The 2001 case of Payne and Others -v- John Setchell Limited confirmed that (as a matter of policy) in the absence of contractual provision to the contrary, any person negligently performing work or services in the course of a construction process was ordinarily only liable for non-economic losses.
In the law of tort professionals have a duty to their clients to exercise the reasonable care and skill of a qualified person in the matter with which they are dealing. Professionals are negligent when they are proven to have fallen below this standard.
In the construction industry, non-economic losses are those losses caused by negligent design or construction that results in damage to other property or personal injury to individuals.
Economic loss is the financial loss suffered by a party that is caused through a web of economic relationships in which the party is involved.
Examples of economic losses include, (1) those losses incurred where a negligent design results in a building being worth less than anticipated; and, (2) where delay is caused to the contractor's programme as a result of having to rectify a negligent design that results in the contractor failing to meet the project deadline and incurring losses to the employer.
Where we were
In the Payne case, Payne claimed damages from Setchell for negligence for breach of duty for the design and installation of new raft foundations with fixed steel reinforcement for a cottage. The cottage was built in reliance upon a specification that was prepared by Setchell. Payne subsequently obtained a structural engineer's report which stated that the raft foundations of the cottage had tilted, and that each required substantial underpinning. The Court ruled that Setchell was only liable for the diminution in value of the cottages measured by the cost of remedial works and not the further economic losses claimed by Payne.
Therefore, as a result of the decision in the Payne case, a designer was not liable to an employer for economic losses unless a contract, such as a collateral warranty, provided otherwise.
Where we are now
The Mirant Asia decision appears to have changed this. Ove Arup, a designer, was found to have breached its duty of care to Mirant Asia by negligently designing the foundations of a boiler house in the . Ove Arup was found to be liable to Mirant Asia, the employer, for both economic and non-economic losses.
Designers
So the designer's pre-novation position is clear, the negligent designer is liable in tort to the employer for economic losses. The negligent designer is also liable in tort to the employer for economic losses in those situations where the designer has single point responsibility and is effectively acting as contractor.
Contractors
What is the position of a contractor undertaking a construction project under the JCT (With Contractor’s Design) Contract? One interpretation of the decision in Mirant Asia is that the design and build contractor is not liable to the employer for economic loss because it is not considered to be a "professional" whereas the designer is. It seems unreasonable to make this distinction because the design process is as likely to be undertaken by contractors as by designers (be they architects or consultants).
Further, it is the standard practice in projects procured under the JCT (Design and Build) Contract that the designer agrees to be novated from the employer to the contractor in return for the contractor assuming responsibility for the design and construction of the project.
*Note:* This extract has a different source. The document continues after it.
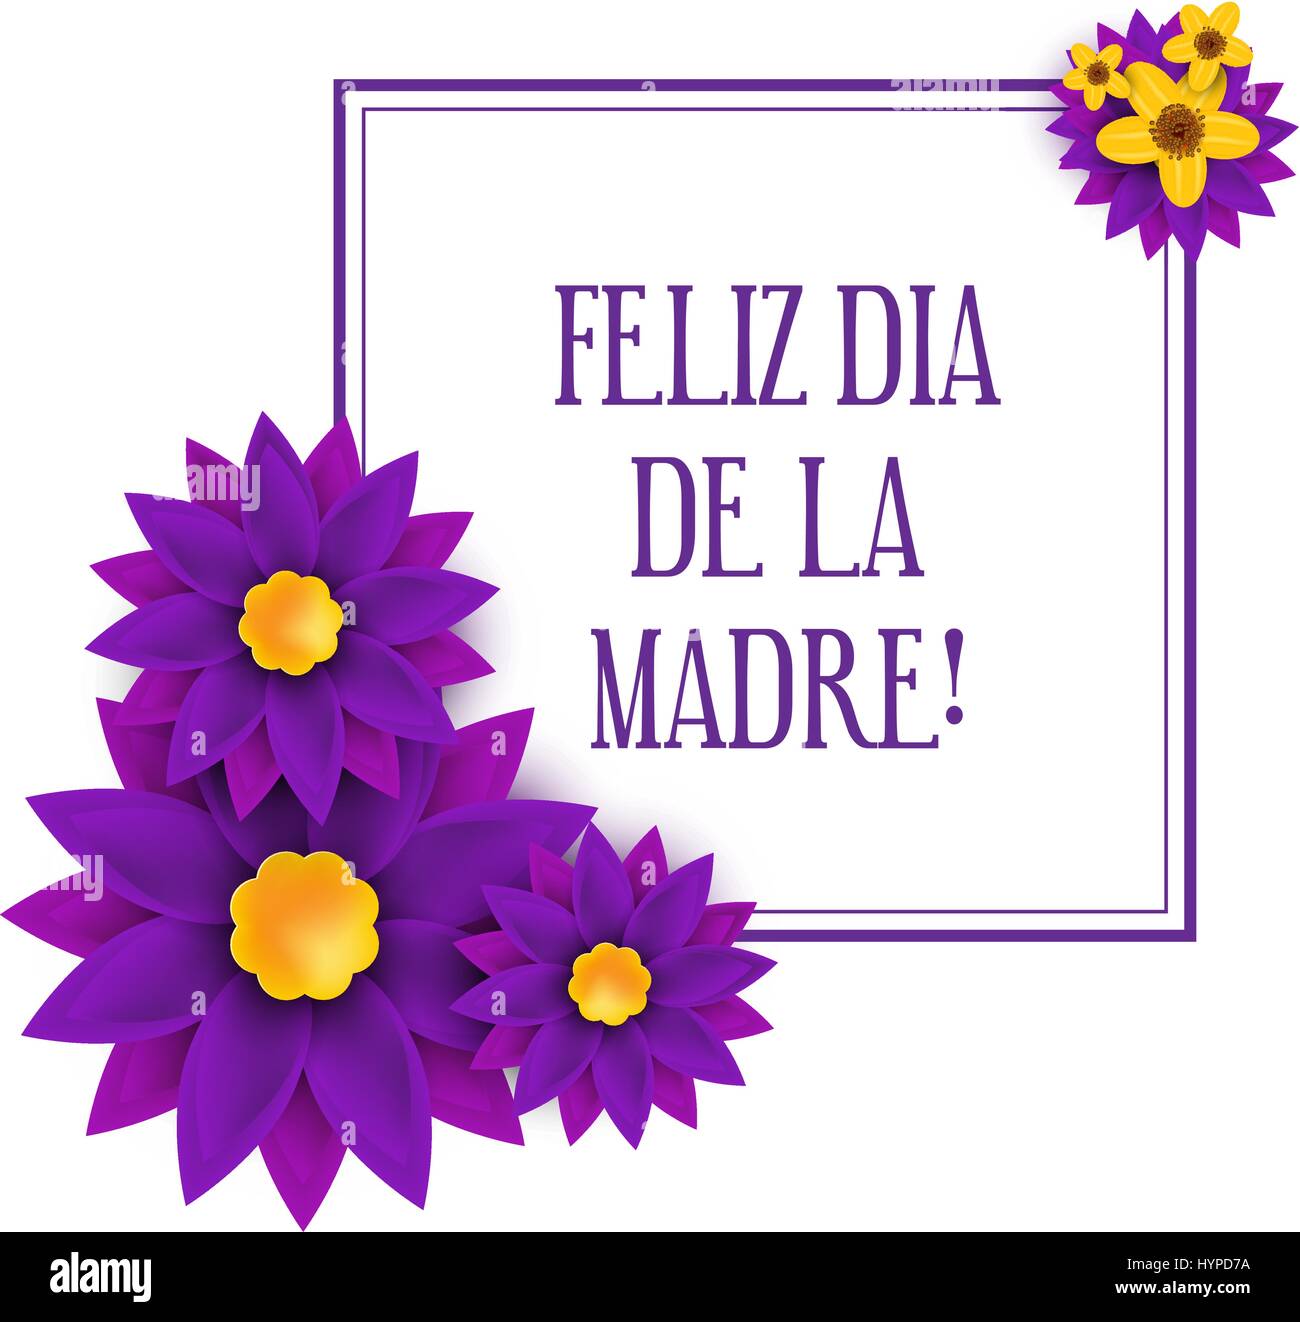 Feliz dia de la madre hi-res stock photography and images - Alamy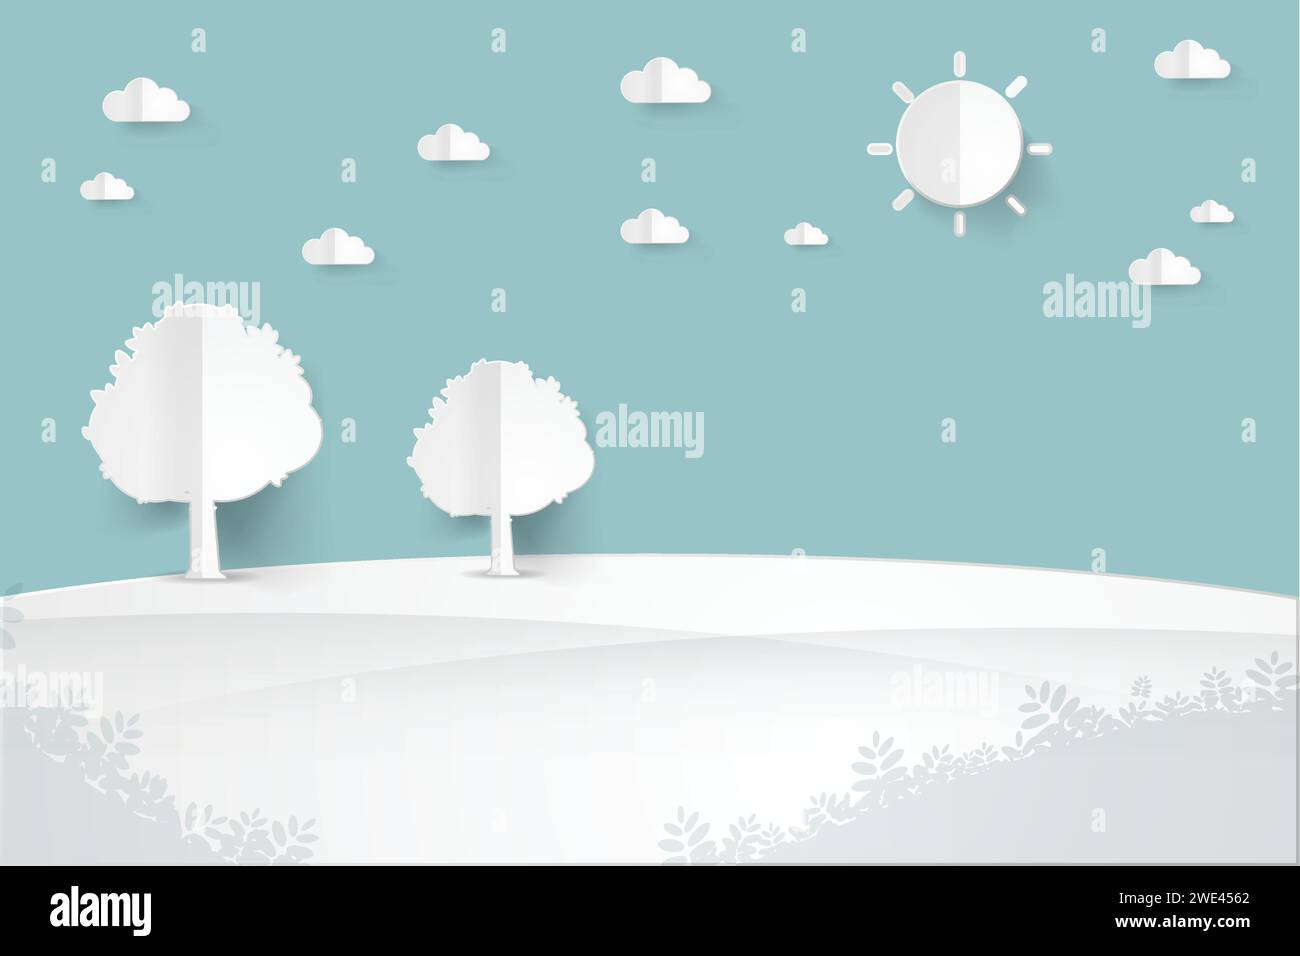 minimalist landscape with tree,hill,sun,cloud landscape background, paper art style vector illustration. Stock Vector

Following the decision in thiscase, the position may be that even though the contract has been novated the designer remains liable to the employer for economic losses whereas the contractor is not.
Engineers
What is the position of the engineer? Is the engineer considered a "professional" and therefore should it be treated in the same way as the designer once the contract has been novated? Like the designer, under a JCT (Design and Build) Contract the engineer agrees to be novated to the contractor in return for the contractor assuming responsibility for its designs. Would the Courts impose a duty of care on the engineer to the employer for economic loss despite the fact the contractor has agreed to take responsibility for the engineer's designs at novation? Unfortunately as a result of the Mirant Asia decision the position of the negligent designer or engineer, post-novation, is now unclear.
Practical advice
Drafting
The duties outlined above are only likely to be relevant in situations where, (1) there is no contract; (2) the contract is silent as to, or does not adequately define the relationship between the parties (in respect of liability for economic losses); or, (3) a contractual limitation date to make a claim has passed. Should a dispute arise, the precise wording of the contract could be very persuasive to a Court. Therefore, when drafting contracts designers should attempt to exclude liability for economic losses. This may not necessarily be acceptable to contractors or employers.
Disclaimer
A designer is unlikely to be found to be negligent, and therefore be liable to the contractor or employer for losses if his designs contain a disclaimer that the designs should not be relied upon. Once again such a disclaimer is unlikely to be acceptable to either a contractor or an employer.